EXERCISE - Write the lines below out exactly, dropping each picture.

INFORMATION PROVIDED -
►

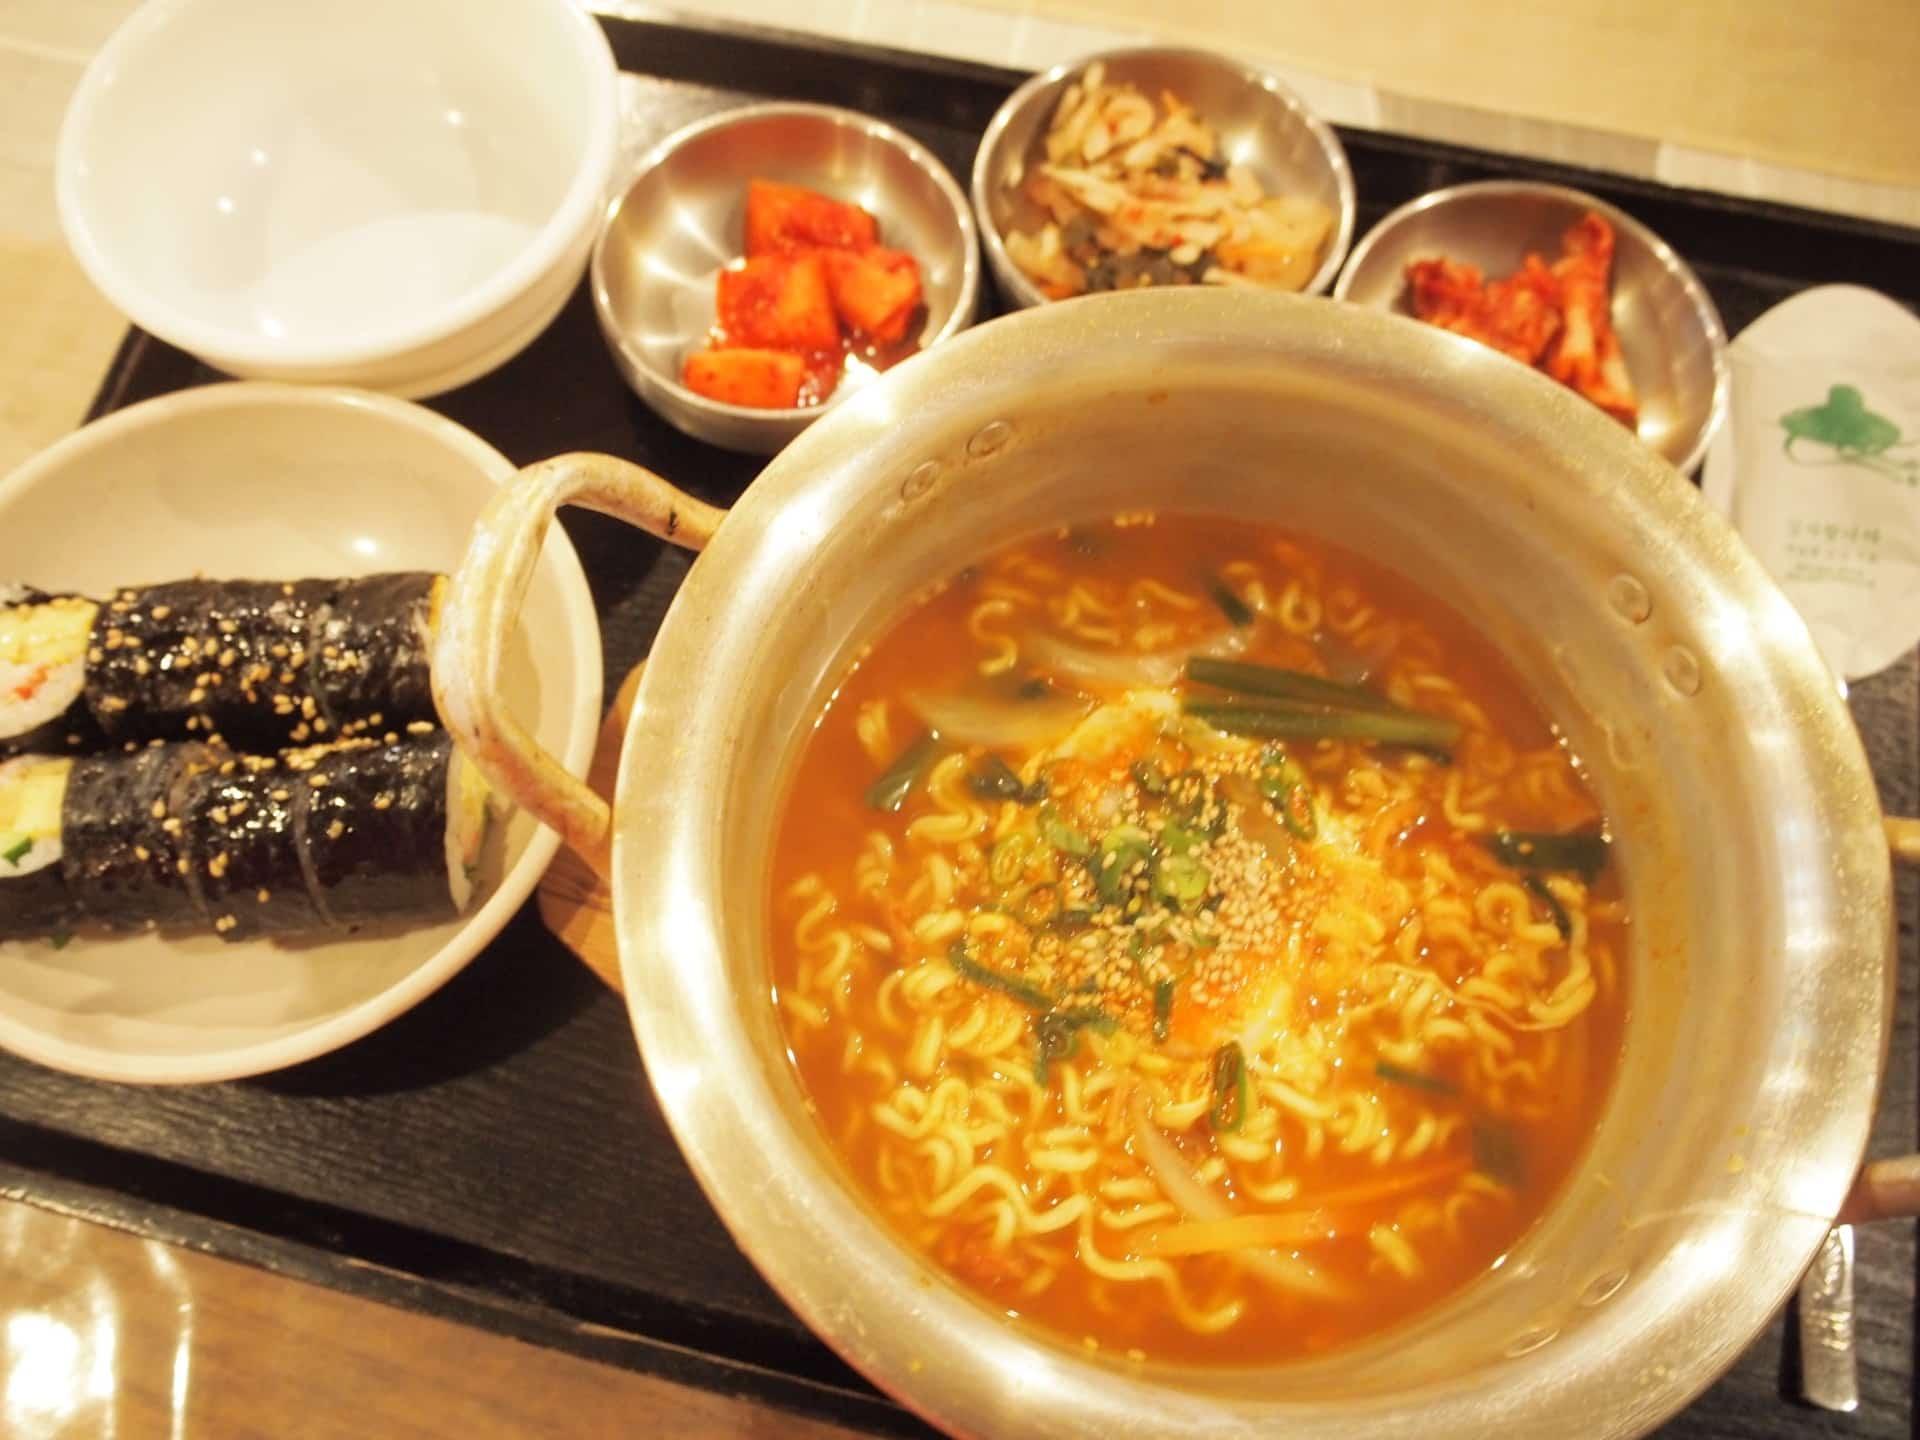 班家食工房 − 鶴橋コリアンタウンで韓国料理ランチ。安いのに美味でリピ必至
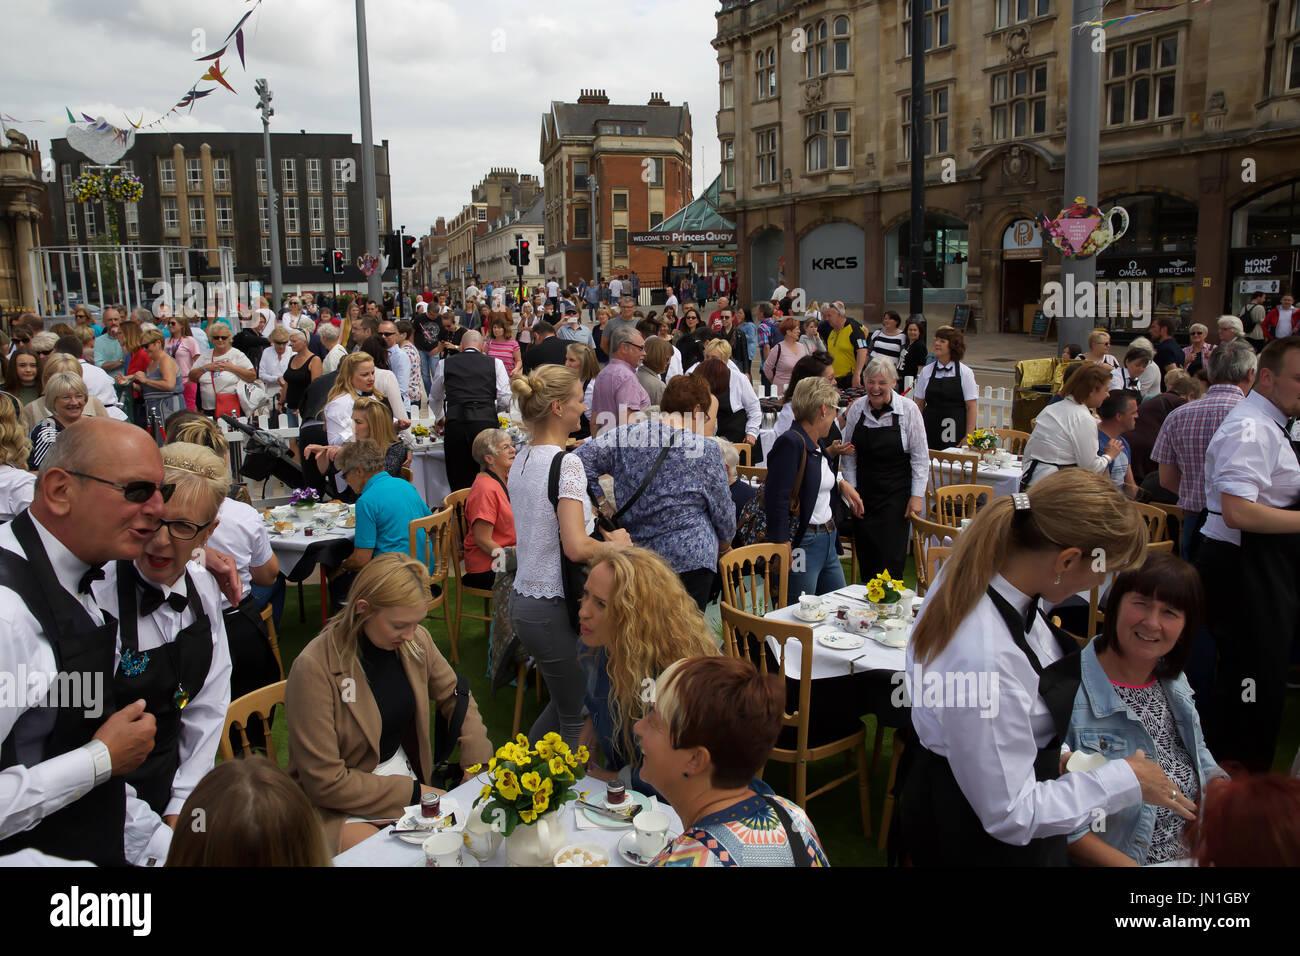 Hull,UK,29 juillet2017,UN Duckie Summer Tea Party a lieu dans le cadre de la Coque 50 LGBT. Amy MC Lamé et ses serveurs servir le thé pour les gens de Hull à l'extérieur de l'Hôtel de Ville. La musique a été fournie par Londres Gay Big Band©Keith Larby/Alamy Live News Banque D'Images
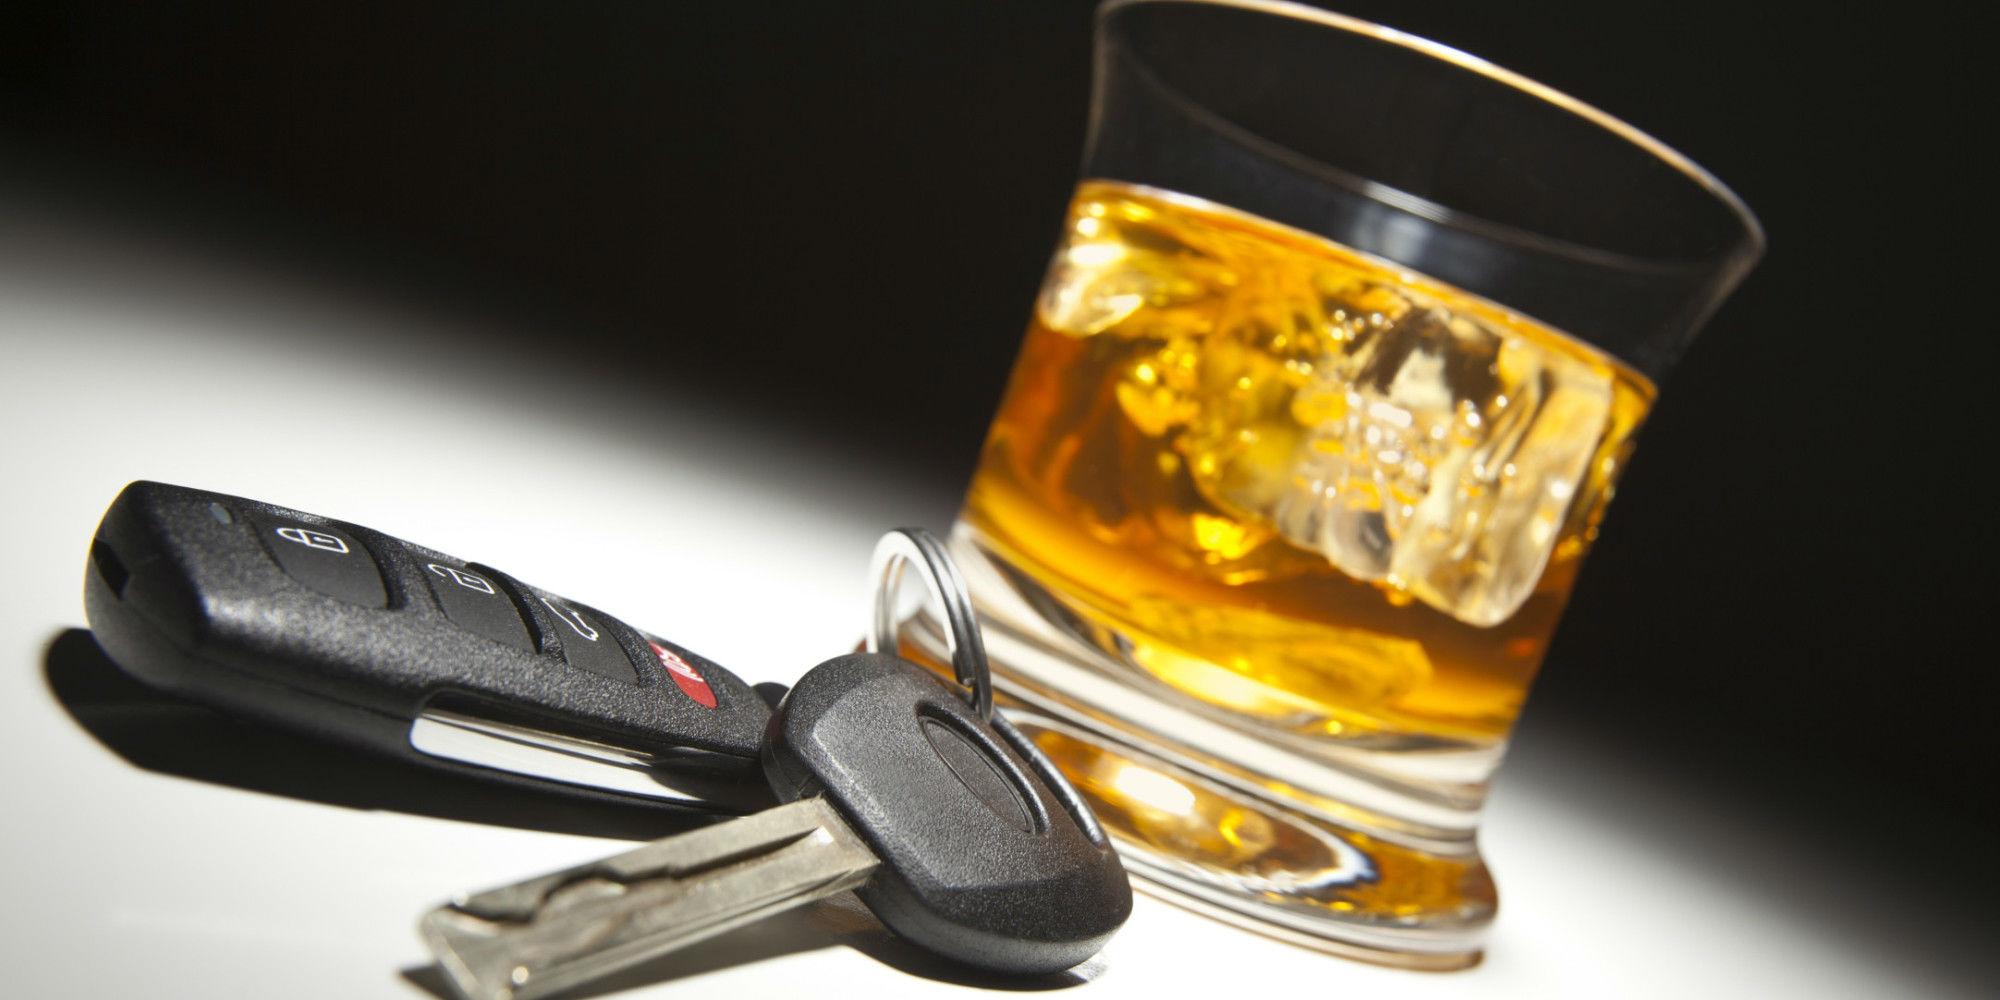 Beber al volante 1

◄

PROBLEM SOLUTION -
 班家食工房 − 鶴橋コリアンタウンで韓国料理ランチ。安いのに美味でリピ必至
 Hull,UK,29 juillet2017,UN Duckie Summer Tea Party a lieu dans le cadre de la Coque 50 LGBT. Amy MC Lamé et ses serveurs servir le thé pour les gens de Hull à l'extérieur de l'Hôtel de Ville. La musique a été fournie par Londres Gay Big Band©Keith Larby/Alamy Live News Banque D'Images
 Beber al volante 1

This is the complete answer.